We already know one thing, that is, Identity is a burden for the banks and financial institution. But an easy way out would be digitized “identity”, but this an expensive idea. According to reports, banks and financial institution spend more than $ 1 billion on identity management system, which hardly solves the problem. The main reason is these disparate systems and technologies which sometimes refuse to and most times are unable to “talk” to each other.
Therefore, at a time when convergence and disruption are driving banks and financial institutions to revolutionize how they communicate with their customers, it is also making them think twice about how to cost-effectively manage and analyze “identities” to better understand and give better services to their customers.
WHAT CAN BE OF HELP TO THE BANKS AND FINANCIAL INSTITUTION?
The solution is Blockchain. The blockchain is a type of distributed ledger where all data is duplicated for all users in real-time. To use blockchain as a foundational architecture for identity applications would help governments or banks to provide people with digitally-stored identity via an app. Rather than spending so much of money and centrally storing that information on the device, at the bank/government location or even centrally in the cloud, blockchain allows that information to be replicated across the chain and therefore backed up, immutably across the network– and more importantly, not in a central repository.
A bank will request the blockchain platform for your identity data, and if you agree you will login perhaps via one-time password (OTP) and provide out the private key to your data. The identity data was sourced and managed by another party, but you have transparency of it and you alone can control its distribution to others. It is self-sovereign and it is safe from fraudsters and hackers.
HOW WILL IT BE OF ASSISTANCE TO FINANCIAL INSTITUTIONS?
By law, banks and financial institutions are required to clearly identify and create a risk profile for each of the customers. The Blockchain backed KYC model will help in saving cost which will, in turn, present the leading KYC utility with self-perpetuating market leadership or potentially remove the middlemen from this process.

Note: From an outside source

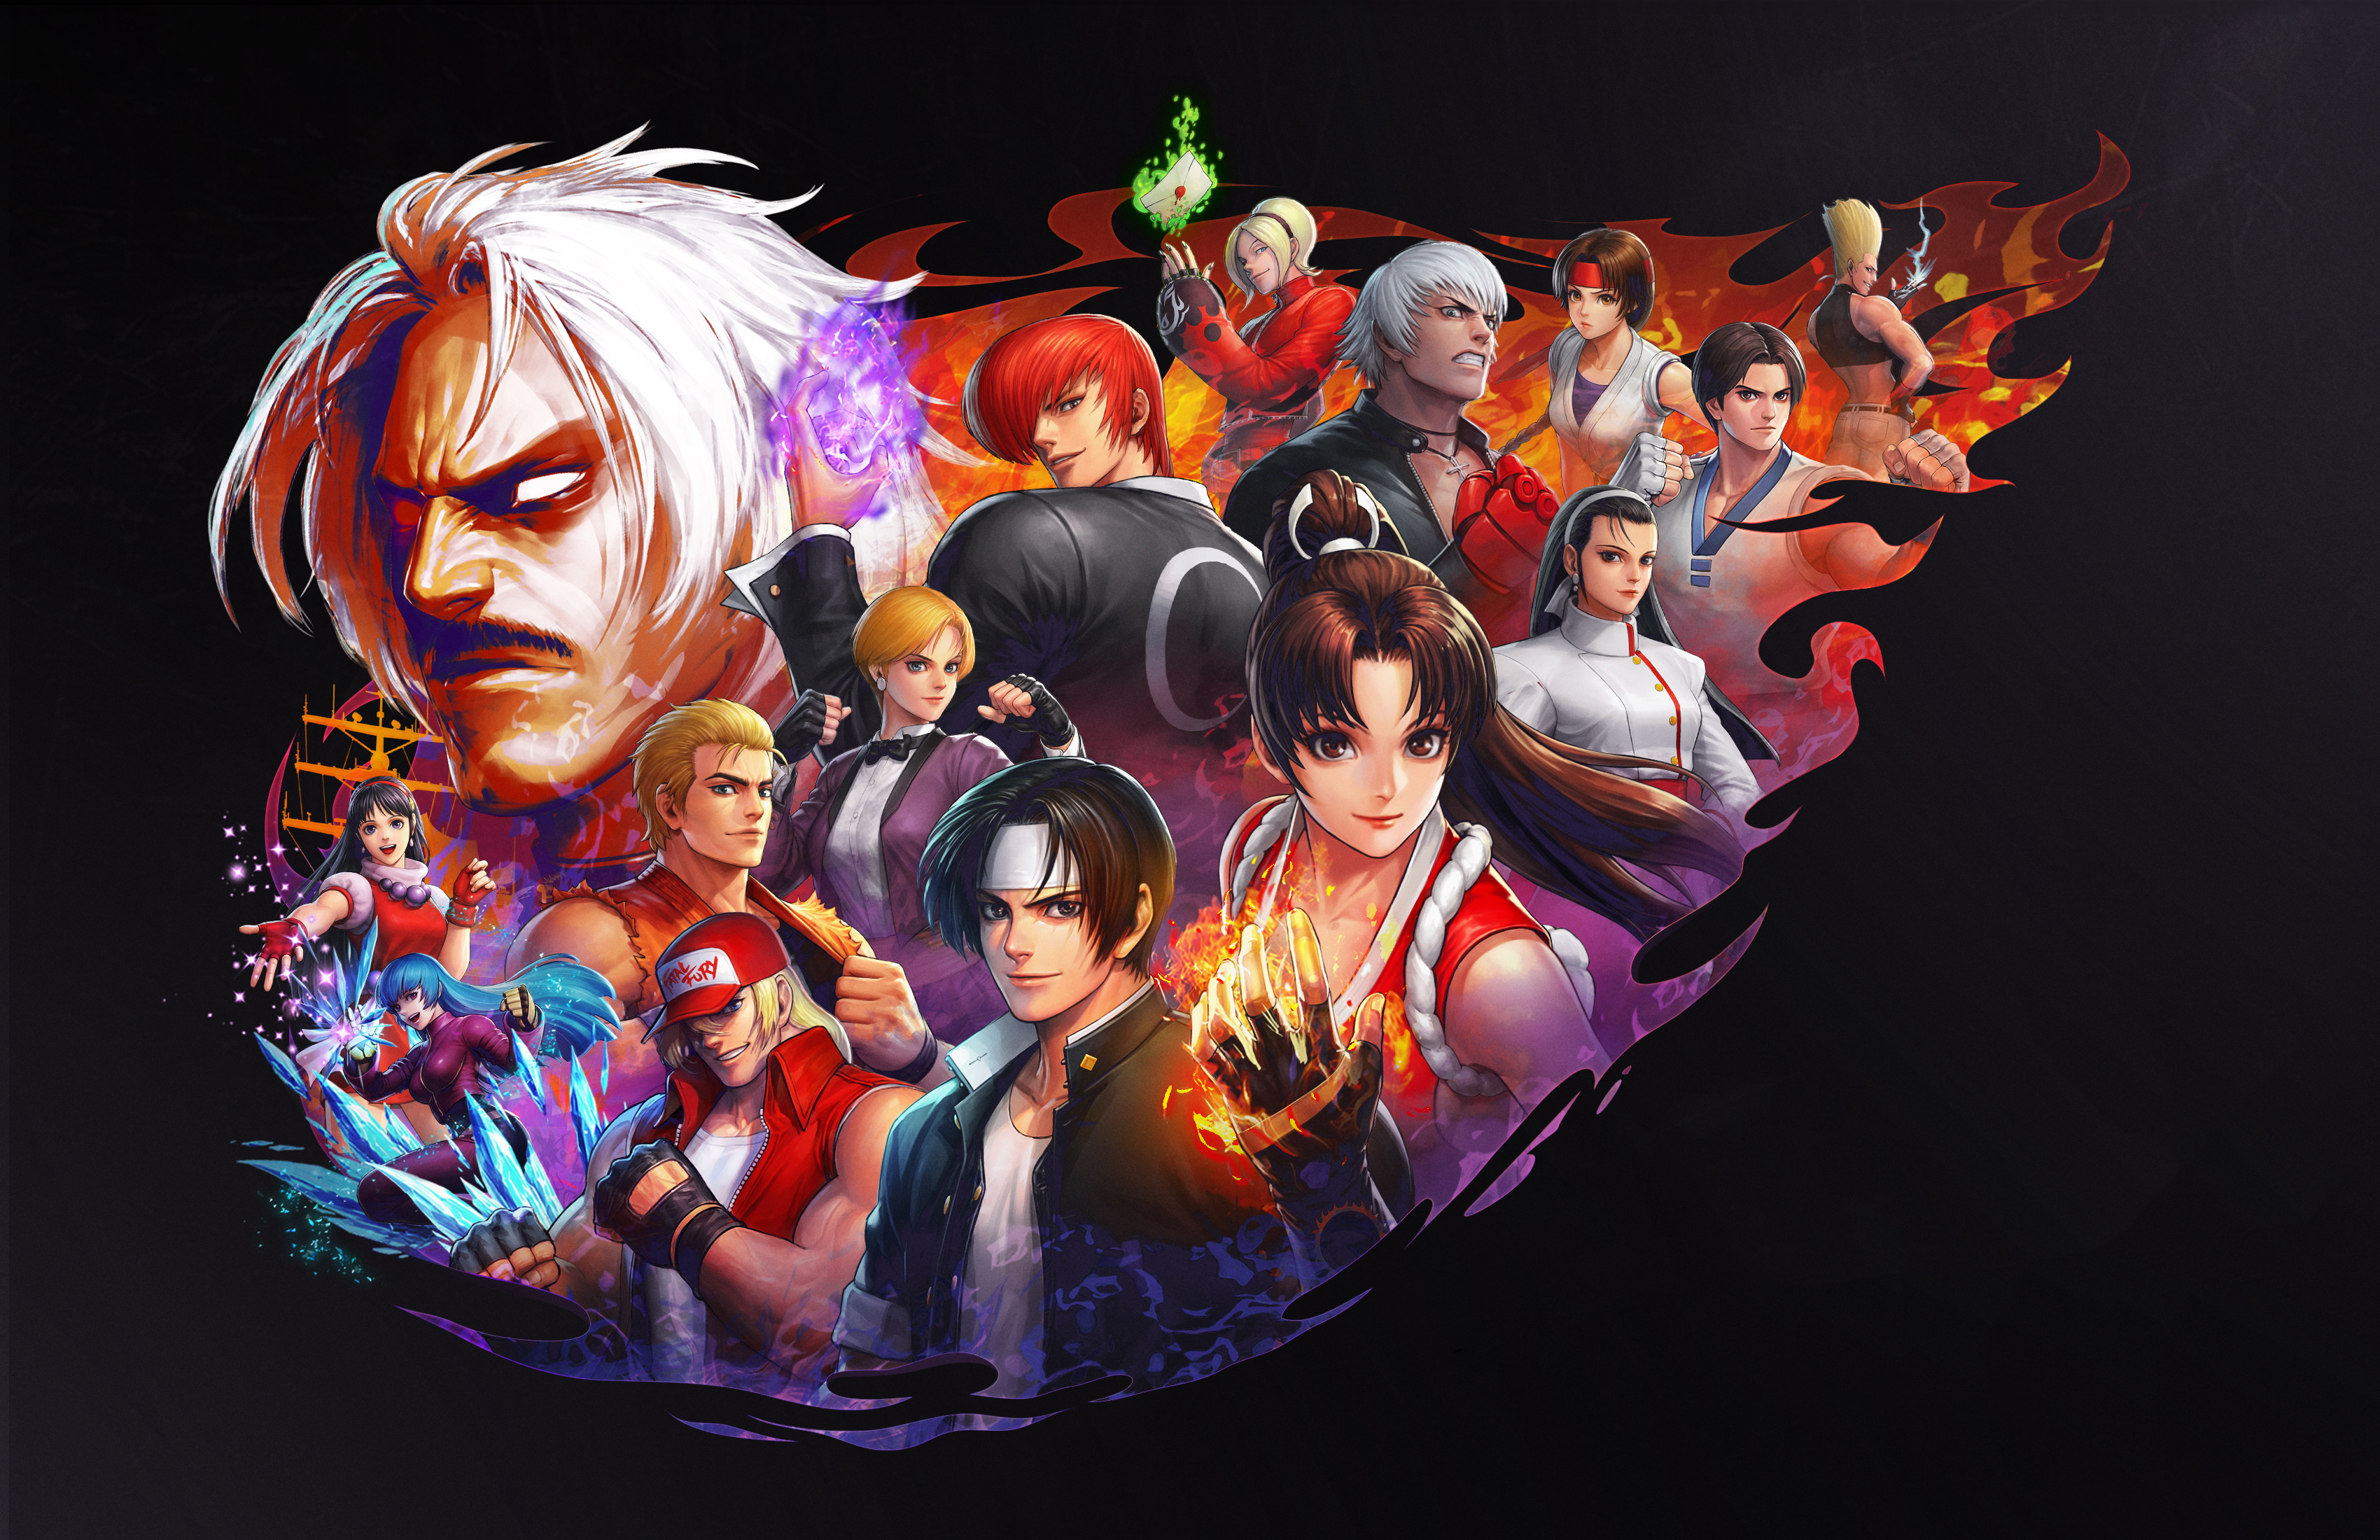 The King Of Fighters Wallpaper, HD Games 4K Wallpapers ...

This model will give banks more control over their customer data.
BLOCKCHAIN FEATURES FOR KYC
1. Distributed client data collection
Banks will regain control over end-to-end interaction with the blockchain powered KYC utility model. Rather than KYC utilities asking new corporates for their client data, KYC utilities can ask their existing clients for consent to share onto the utility.
When another bank requests access to the profile, the corporate confirms its acceptance to share the originating bank’s KYC profile. This provides greater control and more reliable access to non-competitive data.
2. Standardisation and automation of policy and operations
With improvisation in KYC policy standardization and advancement digital data collection, blockchain can use smart contracts to execute operational and control process. Example, the day-to-day updates of client data could be easily updated and managed which would also reduce the need for periodic reviews. Where it can be standardized across the industry, KYC controls and workflow routing would be codified into smart contracts and executed automatically. Greater digitization could also enable multilingual solutions via smart contracts and translation tools.
3.The centralization of risk and controls
Banks and financial institution have better control and reduce regulatory risk by limiting human inputs and maintaining standardization across the industry. Direct feed backs from authoritative sources into the corporate profiles will reduce fraud risk and possibilities for human errors, compared to physical documents or customer-entered data fields.
Blockchain can change the way the banks work and their point of view towards identity management. It can make KYC so simple and also save operational cost. As businesses work on pilot projects to take this idea forward, the KYC use case will be a prerequisite for many of the other industry initiatives that rely on customer identity information to complete more complex transactions and work streams on a chain. Identity and KYC is an area where we can expect to see continued innovation.